The album opens with a 48-second spoken-word intro "I.D.", which is followed by the lead single "Feedback". "Feedback" is an electropop and dance-pop song which incorporates elements of Eurodance and hip-hop. Its lyrical composition is based on Jackson's sexual bravado, questioning the listener while responding with a chant of "sexy, sexy". The song's chorus compares her body to instruments such as a guitar and amplifier, using metaphors to demonstrate sexual climax. It's followed by "Luv", an electro-R&B song described as a "feel-good" clap-and-bounce track, in which Jackson relates a car crash to falling in love. "Rollercoaster", an electro-funk song, sees Jackson comparing feelings caused by her love interest to a rollercoaster. "Rock with U" is a pop, Euro disco, and house song recorded with the gay community in mind, as Jackson felt the necessity to do something for her gay fans, as well as the wider community members. Jackson said: "It's still classic me but with a different twist to it – a modern twist". Jim Farber from New York Daily News noted the song's riffs, which he considered greater when they first appeared in Madonna's song "Into the Groove" (1985). The song was compared to Jackson's brother Michael Jackson's "Rock with You" (1979), due to its disco themes. "Rock with U" also contains vocodered whispers and murmured vocals.

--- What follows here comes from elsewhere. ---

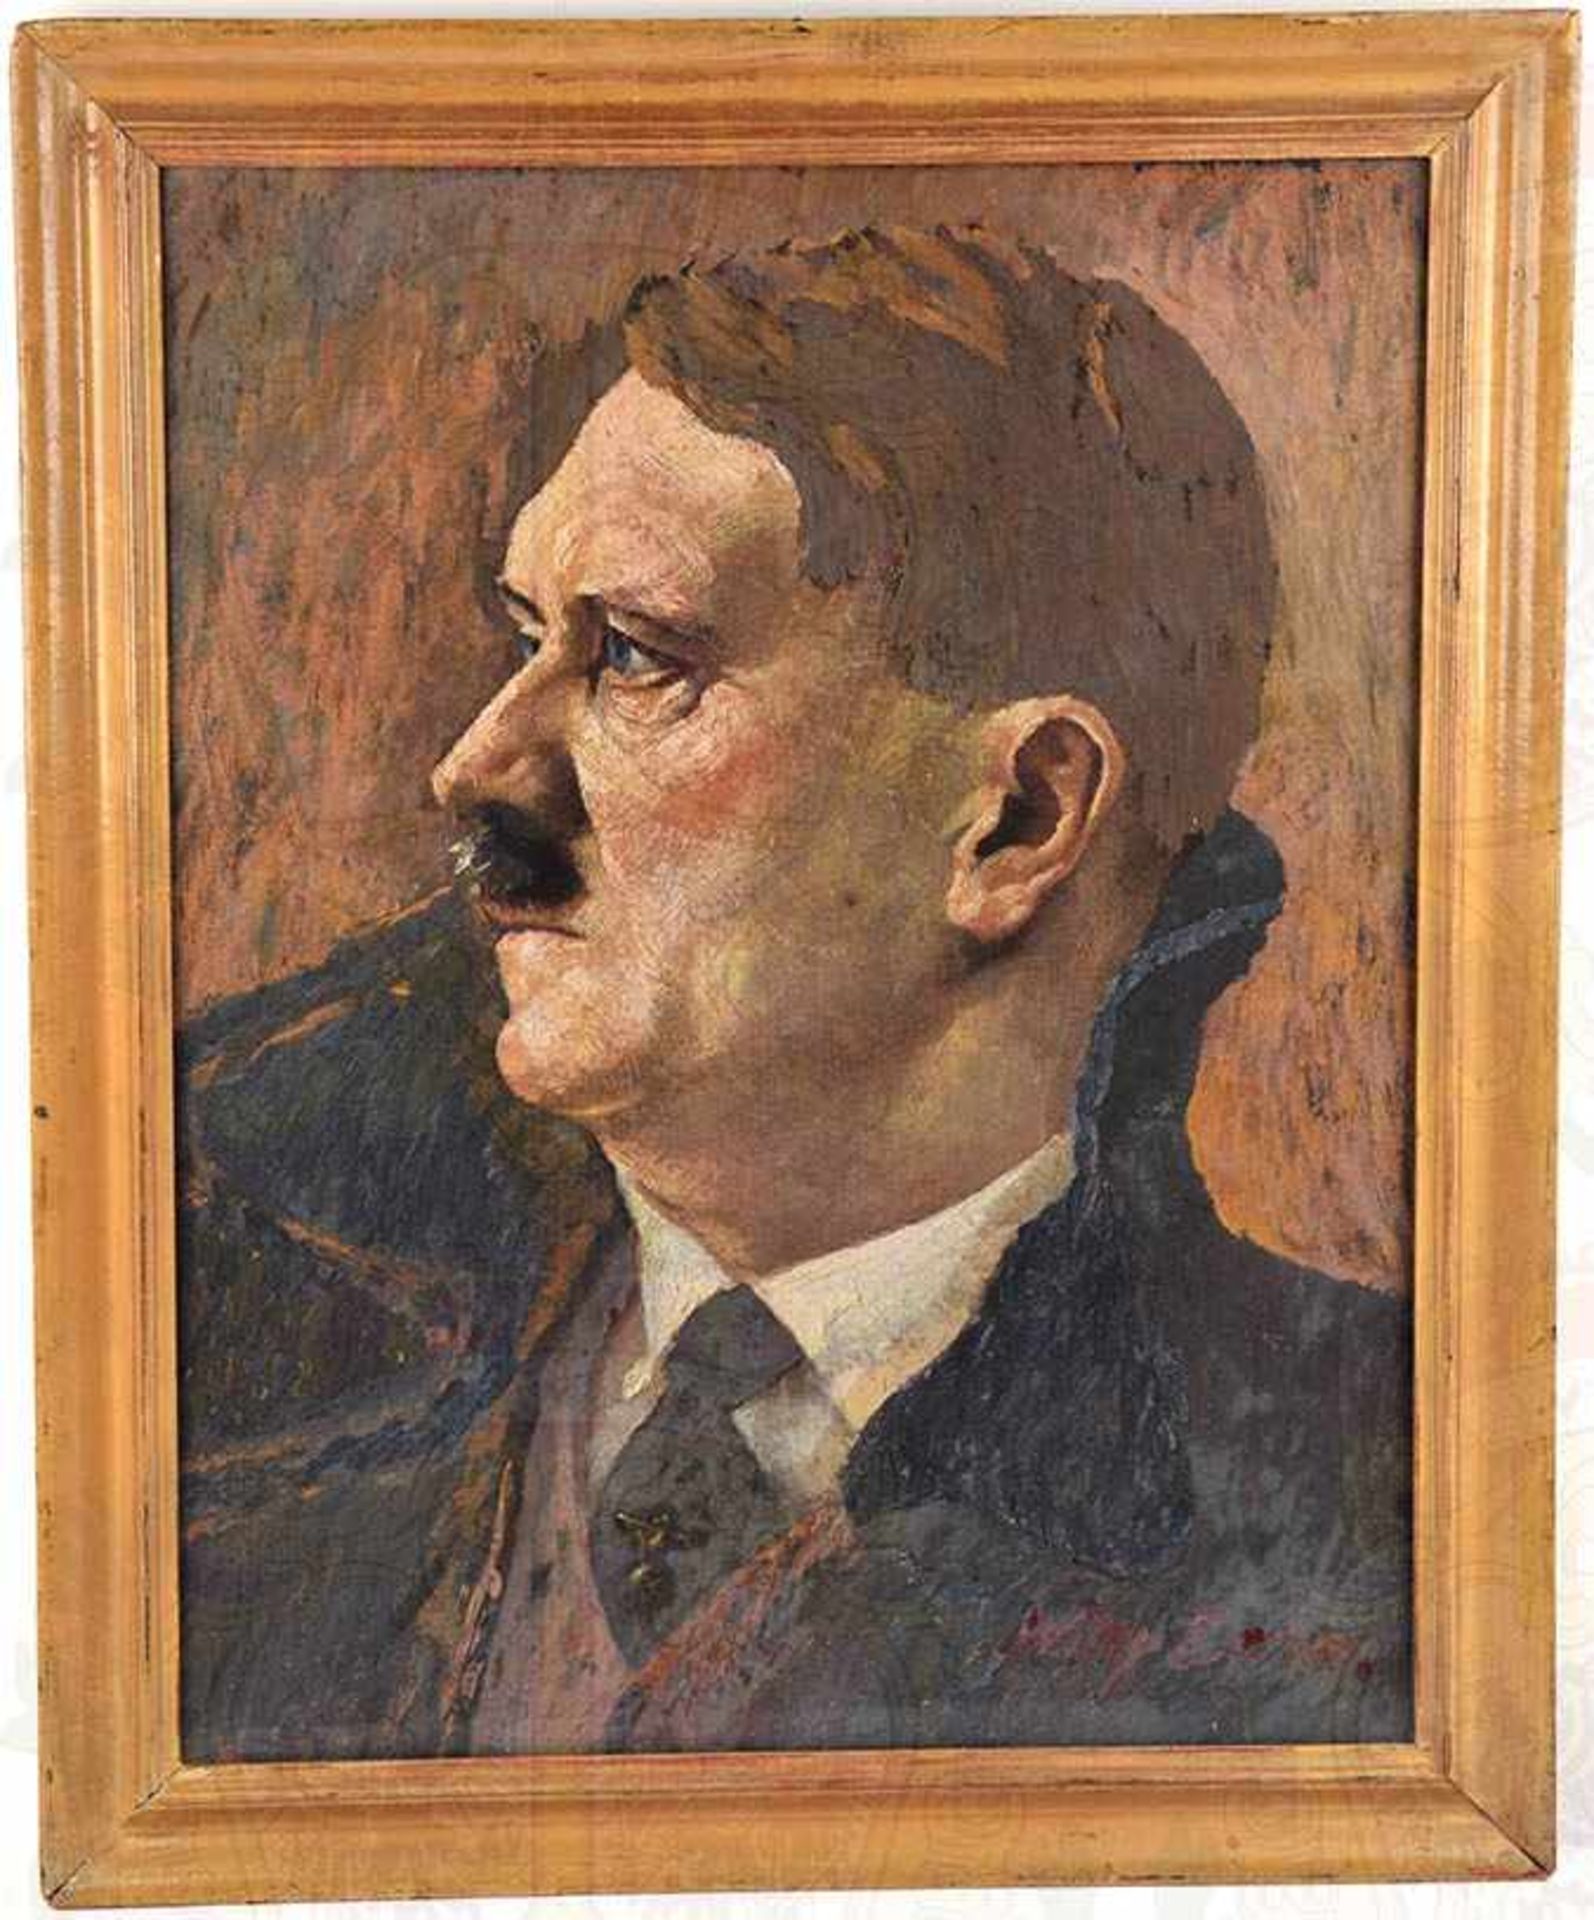 PORTRAIT ADOLF HITLER, Farbdruck nach dem bekannten Gemälde von Willy Exner, 1936, Darstellung in
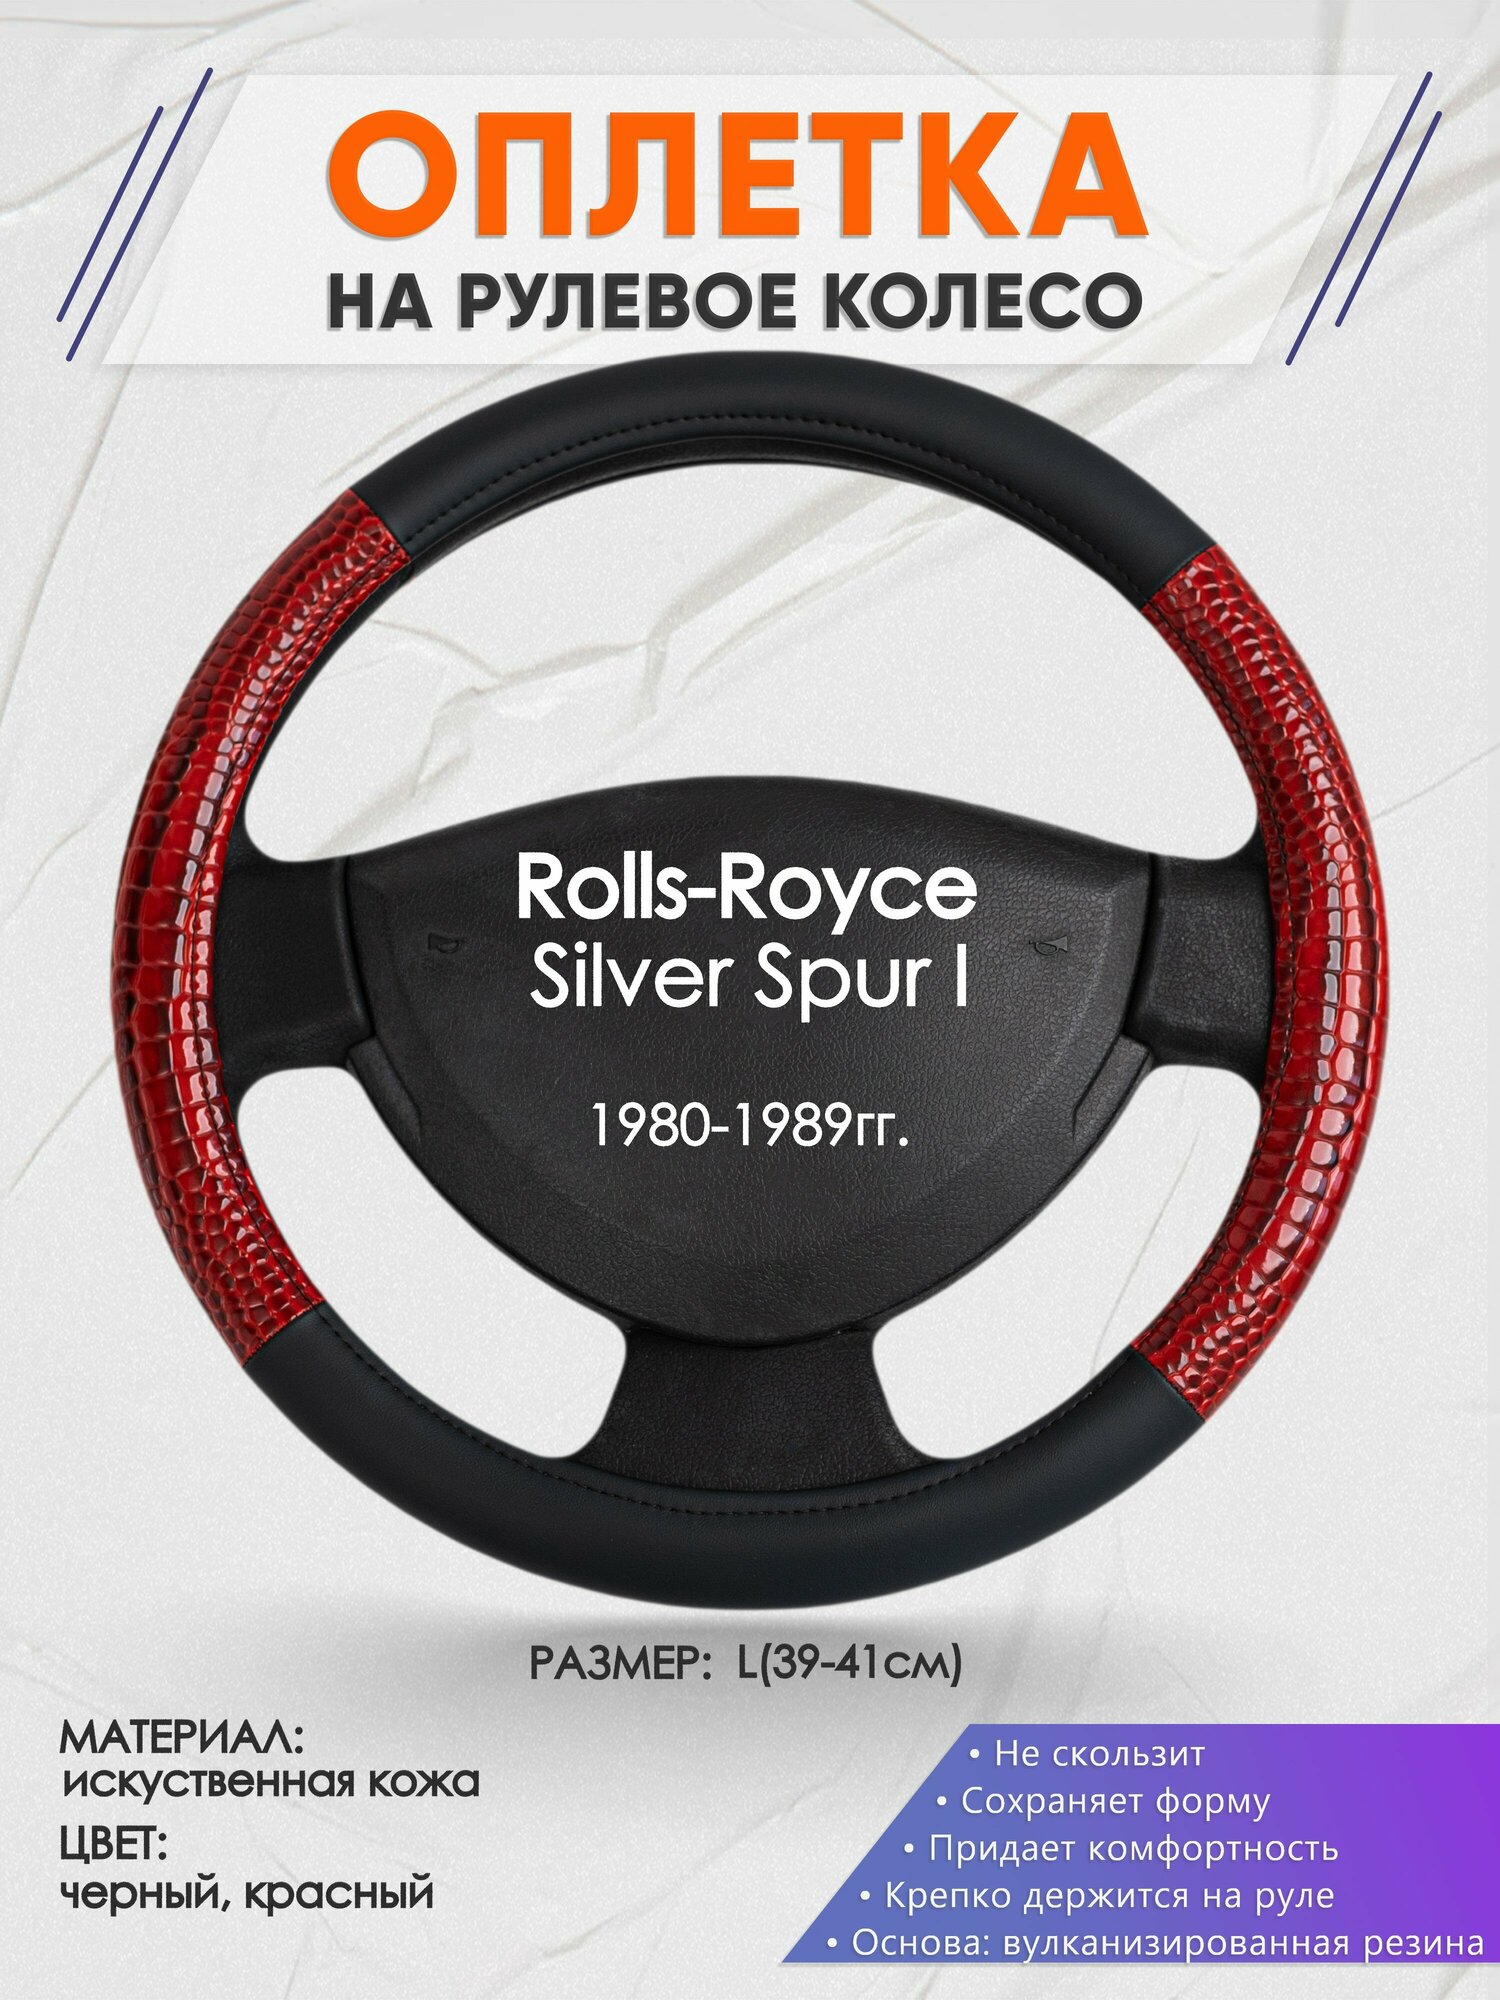 Оплетка на руль для Rolls-Royce Silver Spur I(РоллсРойс Силвер Спур) 1980-1989, L(39-41см), Искусственная кожа 16

On "2nite", Jackson is asking her partner to sexually please her.

"Can't B Good" is a soulful, "jazzy" R&B song about Jackson's relationship with Jermaine Dupri. "Never Letchu Go" was described by Andy Kellman from AllMusic as "a sweet, glistening ballad". Its lyrics see Jackson not wanting to end her relationship because she feels like her partner is "the one". "Greatest X" is an R&B ballad which, as its title suggests, is an open letter to Jackson's "greatest ex ever". "So Much Betta" samples "Daftendirekt" (1997) by Daft Punk and sees Jackson "tired of being number two" and trying to prove a man she's better for him than her rival. The song also contains vocodered vocals. Like "So Much Betta", "The 1" sees Jackson trying to convince her love interest she's "the one" for him. It features rapper Missy Elliott. "What's Ur Name" is an up-tempo electro-R&B song on which Jackson sings about meeting a man for the first time. After discussing the meaning of the term "discipline" in the interlude "The Meaning", Jackson begs her partner to "punish" her in "Discipline"; its lyrical themes include masturbation and sadomasochism. The album closes with "Curtains", an R&B song which sees Jackson putting on a show for her lover in the form of foreplay and filming it.

==Title and artwork==
The album was titled Discipline as an acknowledgment of Jackson's commitment, focus, and dedication to her career. Jackson stated: "I wanted to name the album Discipline because it has a lot of different meanings for me, but the most important would be work — to have done this for as long as I have ... And to have had the success that I've had — not excluding God by any means — but it takes a great deal of focus." However, in the album's title track, the title has a different meaning, as its lyrics see the protagonist asking her partner to discipline her for "being bad".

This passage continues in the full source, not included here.